Task directions. Your copy should start at the line with "BLACK SABBATH - LIVE" and end at the line with "OXO Good Grips" in the data below. Transcribe only those lines, exactly, pictures excluded.

Study material.
__________________________________________________
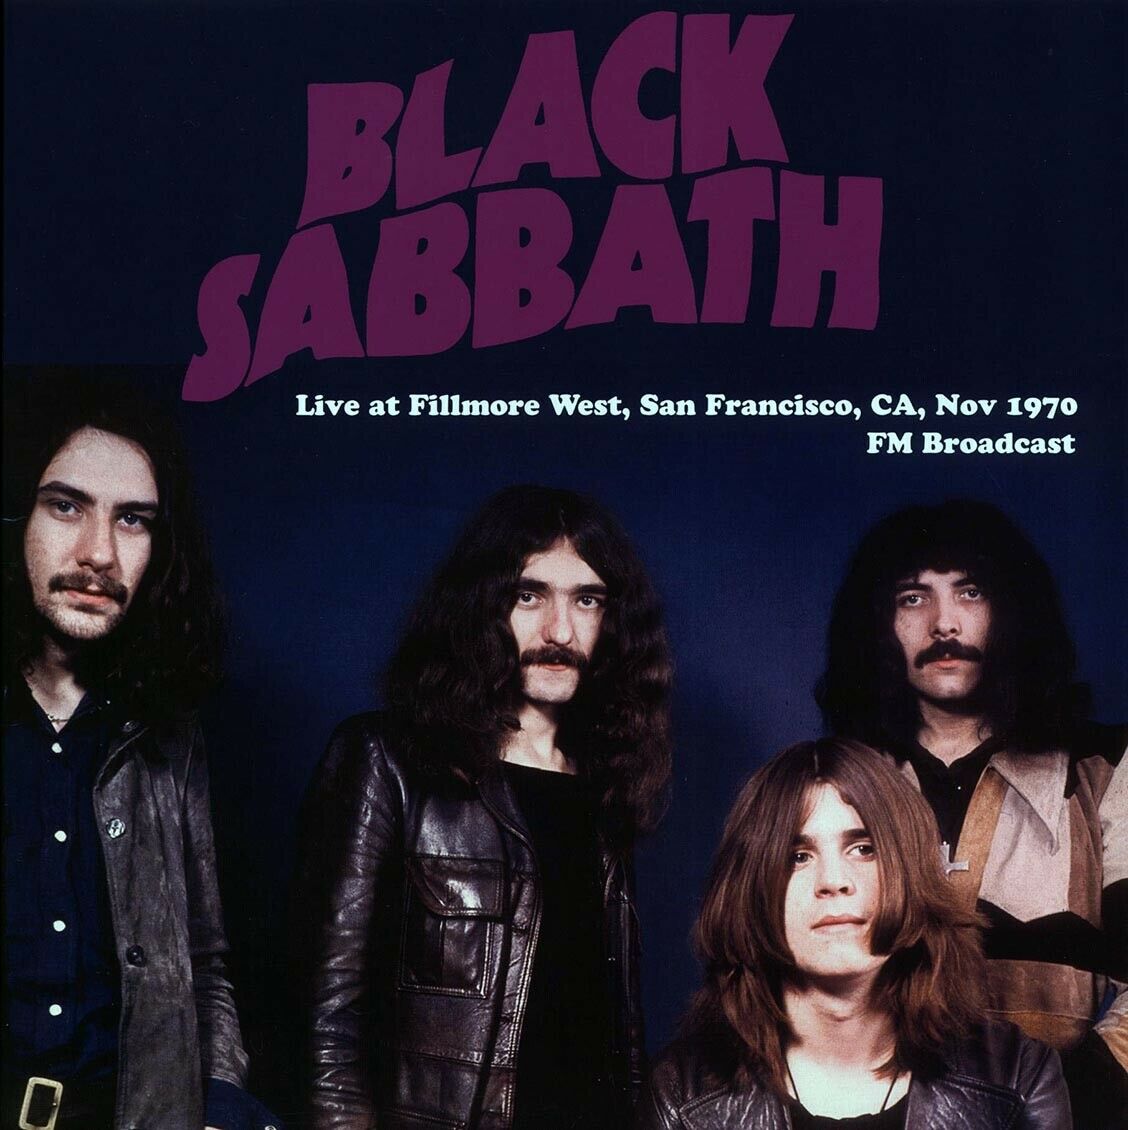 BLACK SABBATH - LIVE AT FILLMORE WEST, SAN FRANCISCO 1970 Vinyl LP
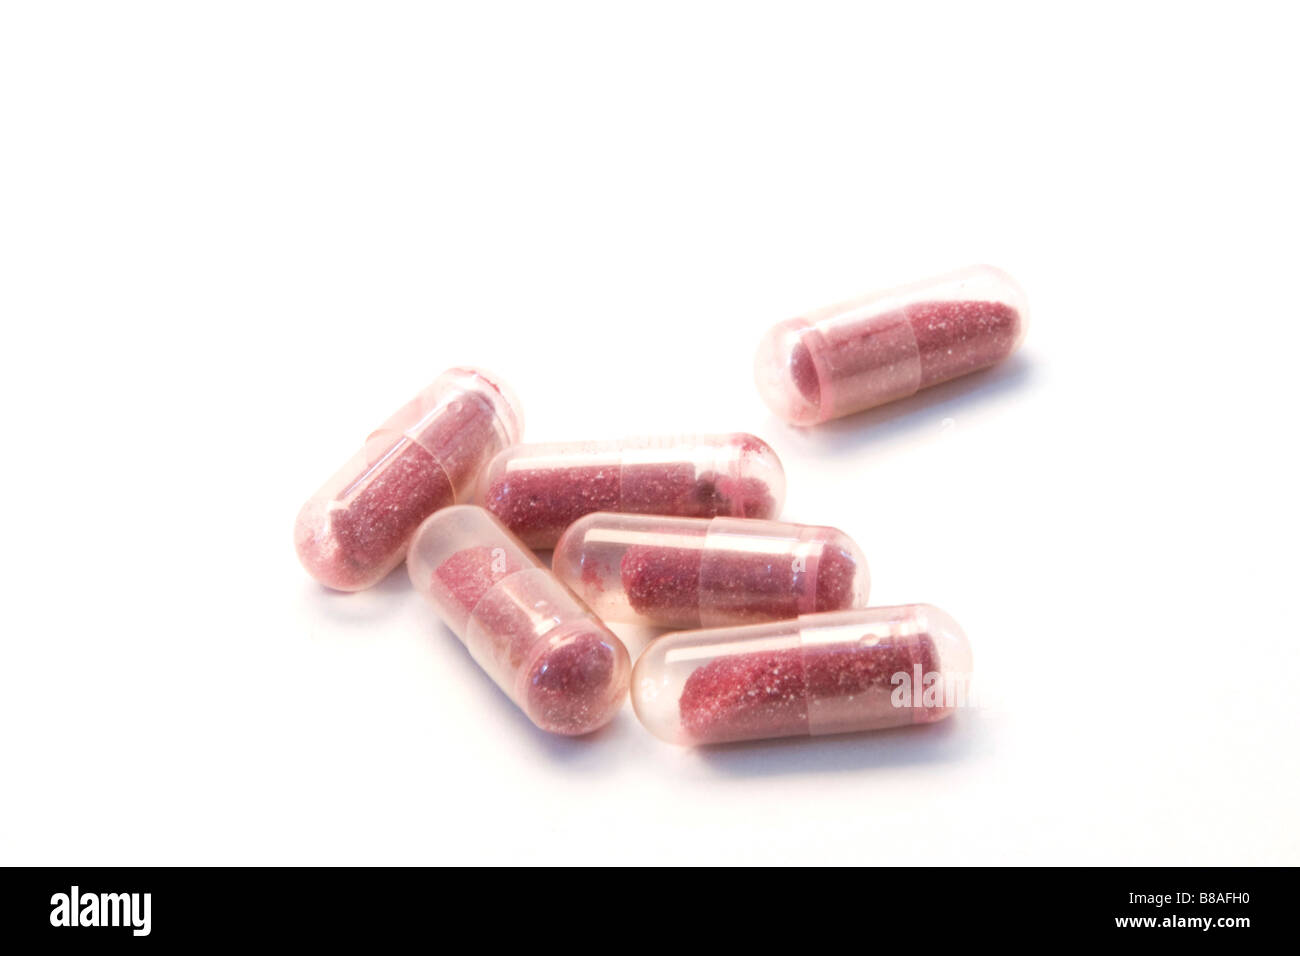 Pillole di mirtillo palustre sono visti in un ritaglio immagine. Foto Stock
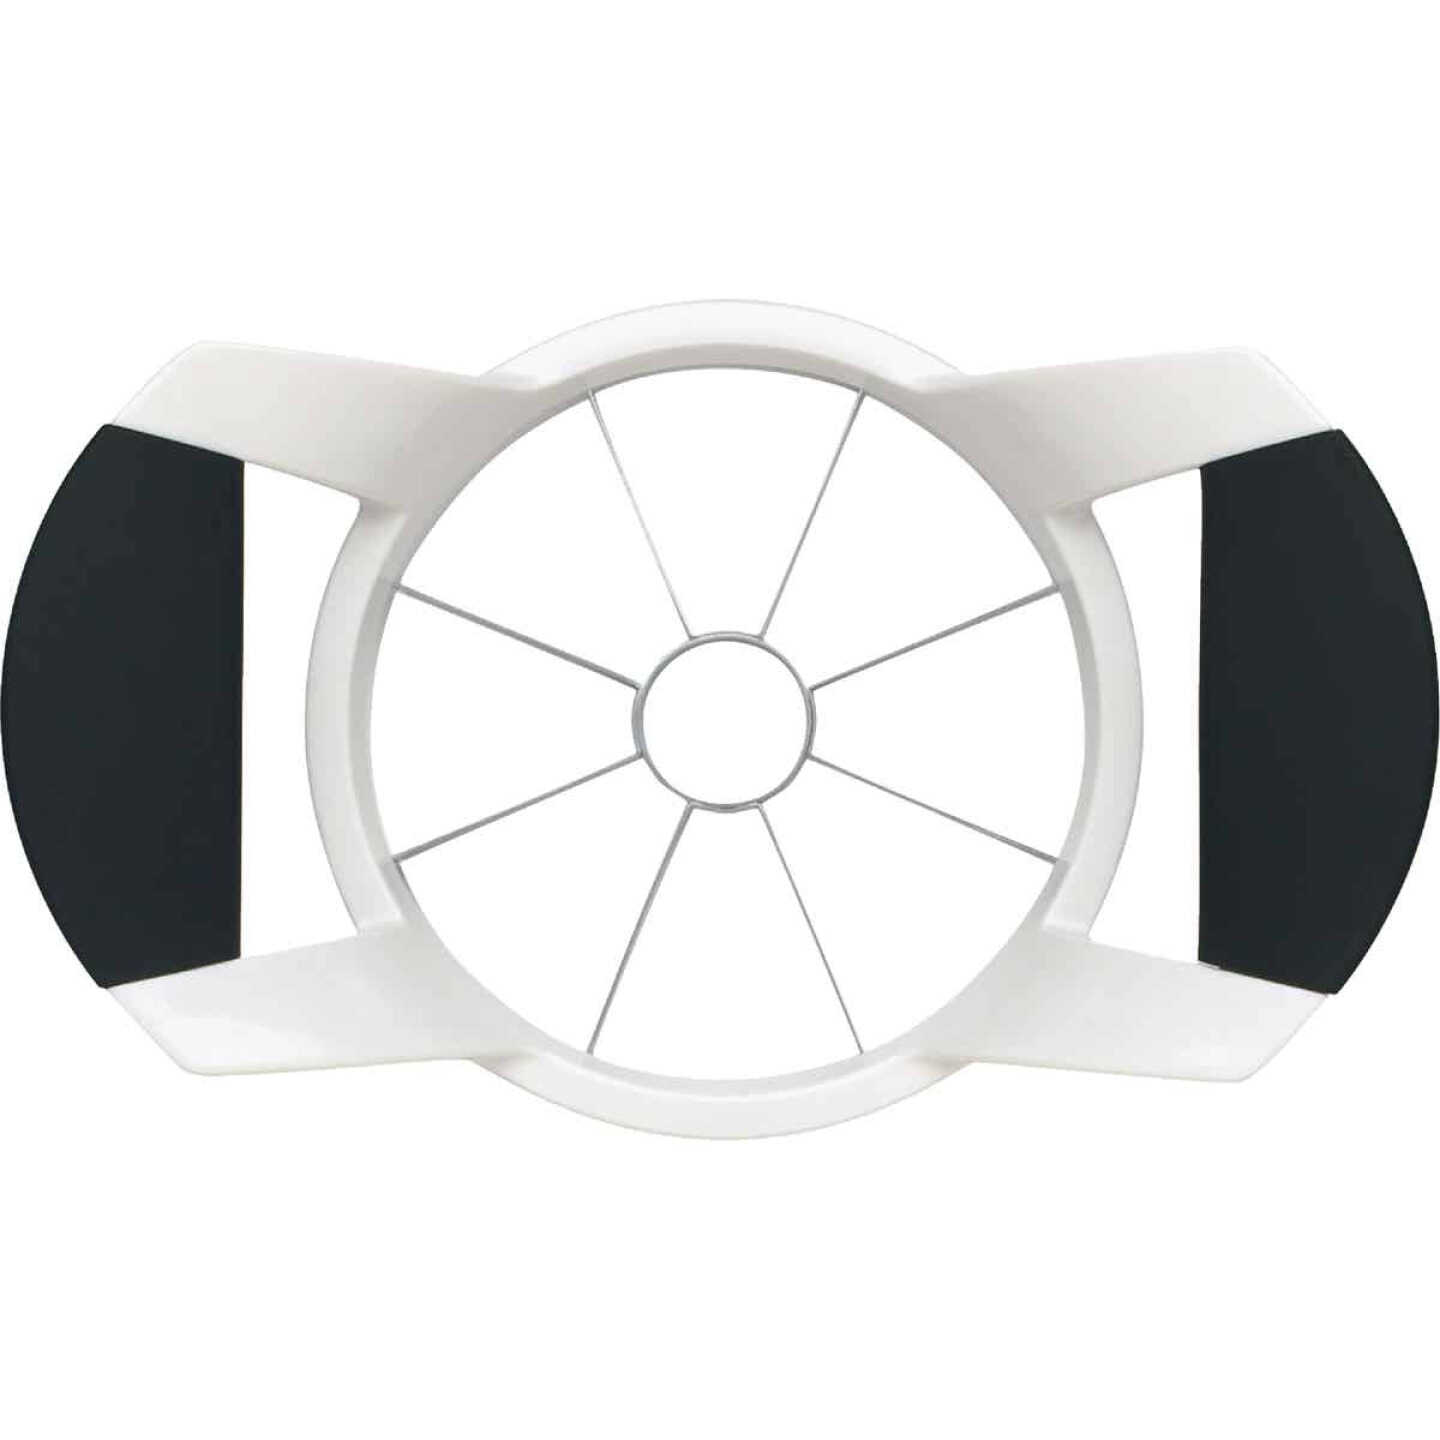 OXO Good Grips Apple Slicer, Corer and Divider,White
__________________________________________________
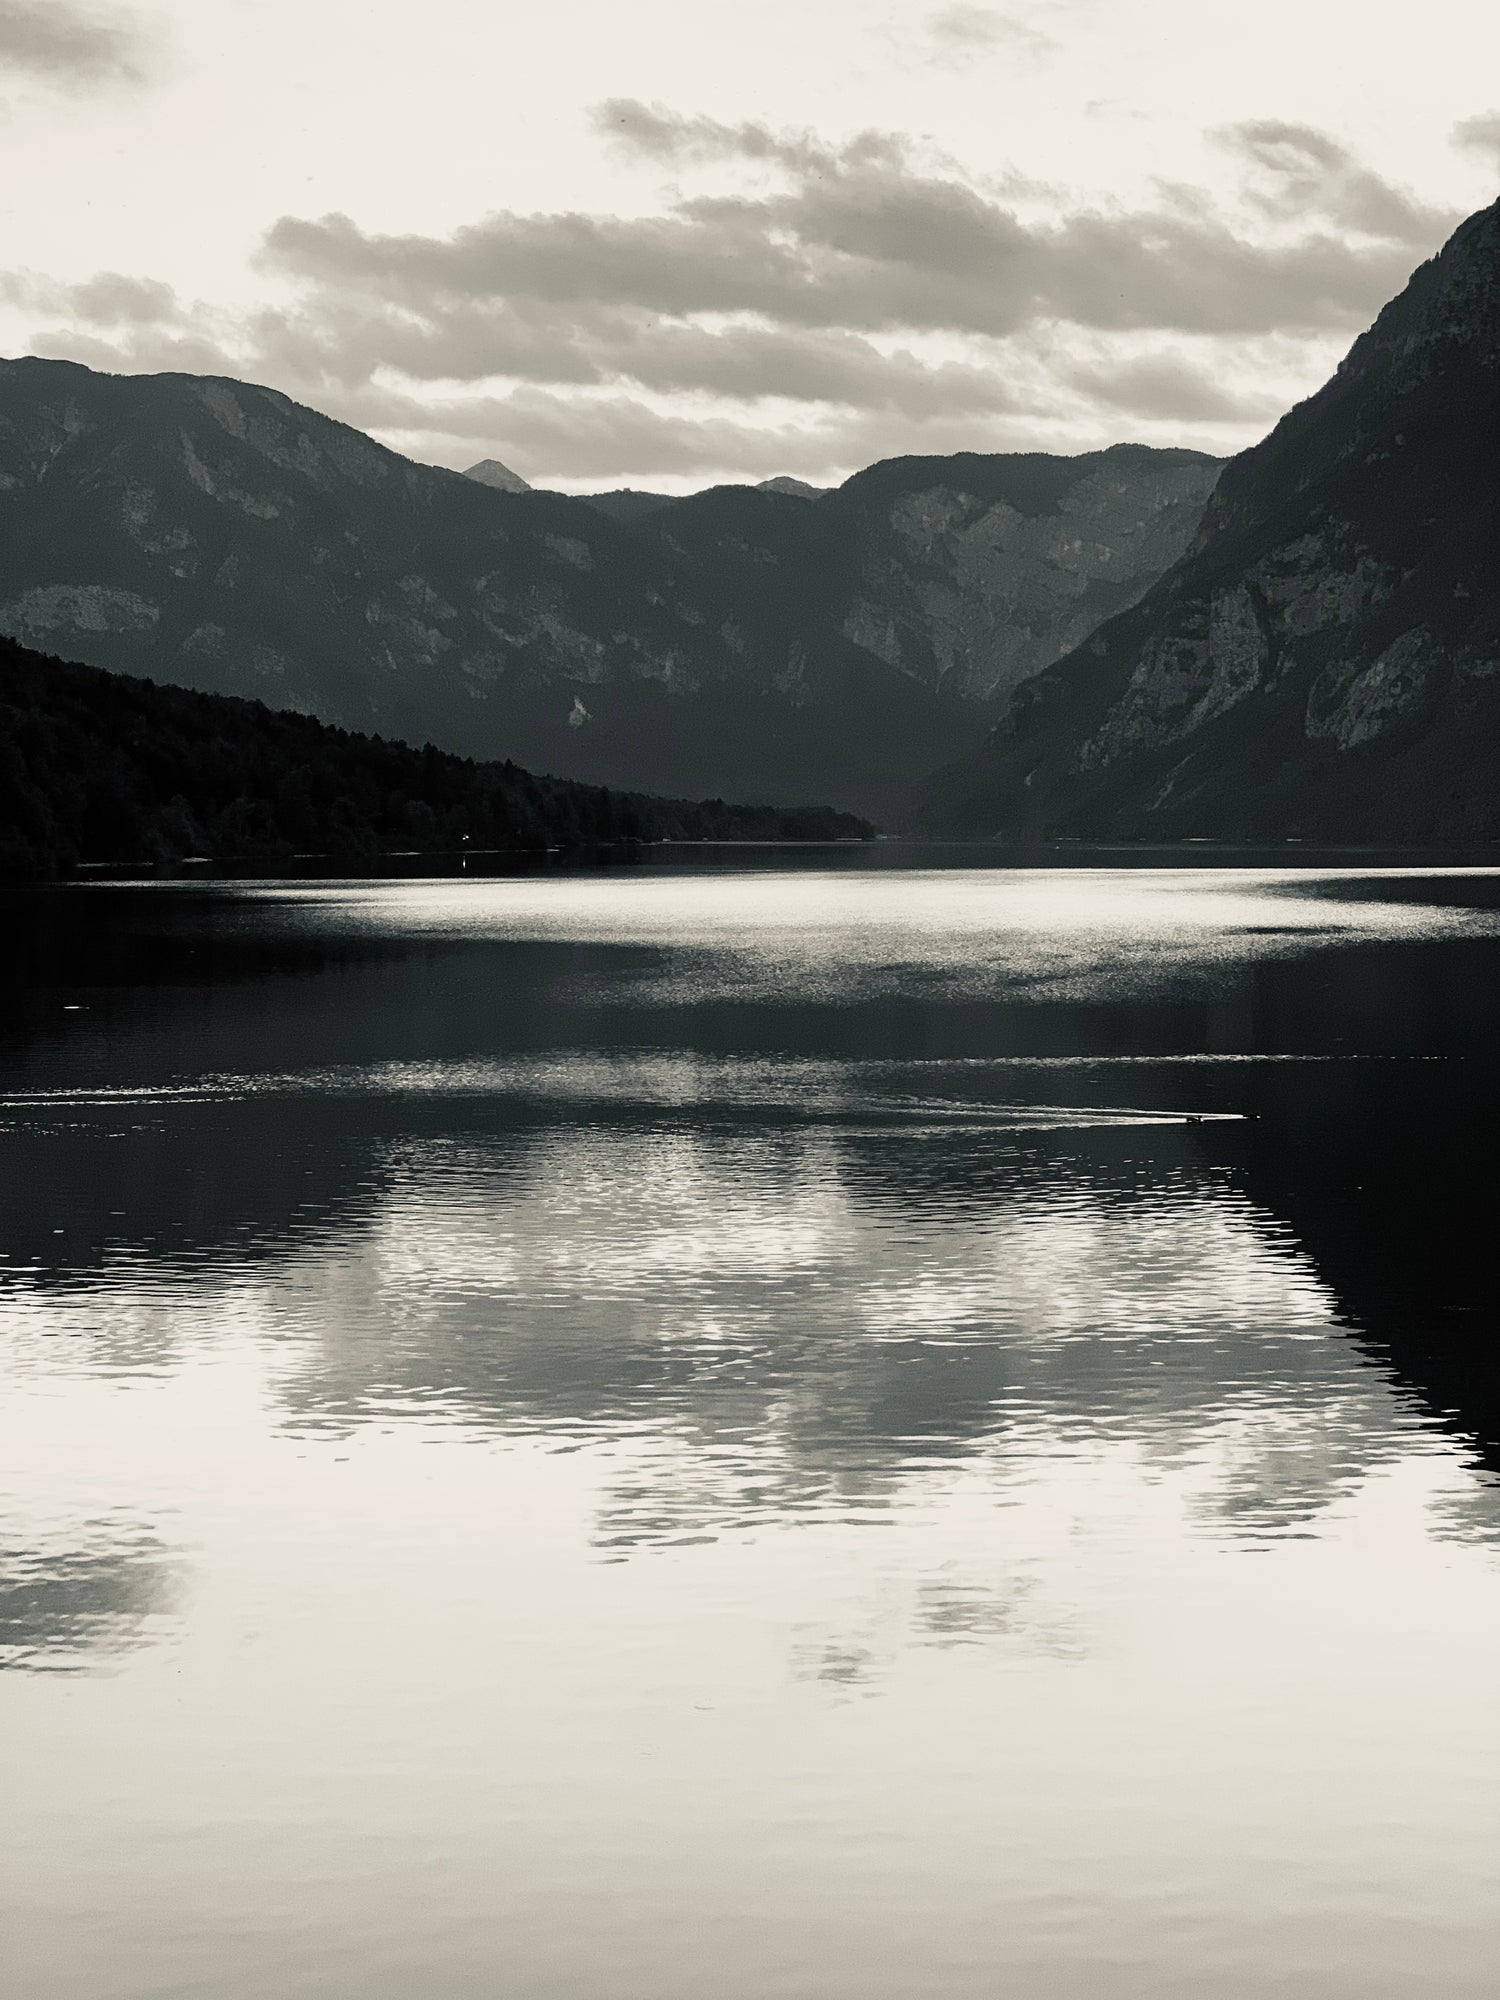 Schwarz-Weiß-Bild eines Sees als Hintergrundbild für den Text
__________________________________________________
Result of this task.
 BLACK SABBATH - LIVE AT FILLMORE WEST, SAN FRANCISCO 1970 Vinyl LP
 Pillole di mirtillo palustre sono visti in un ritaglio immagine. Foto Stock
 OXO Good Grips Apple Slicer, Corer and Divider,White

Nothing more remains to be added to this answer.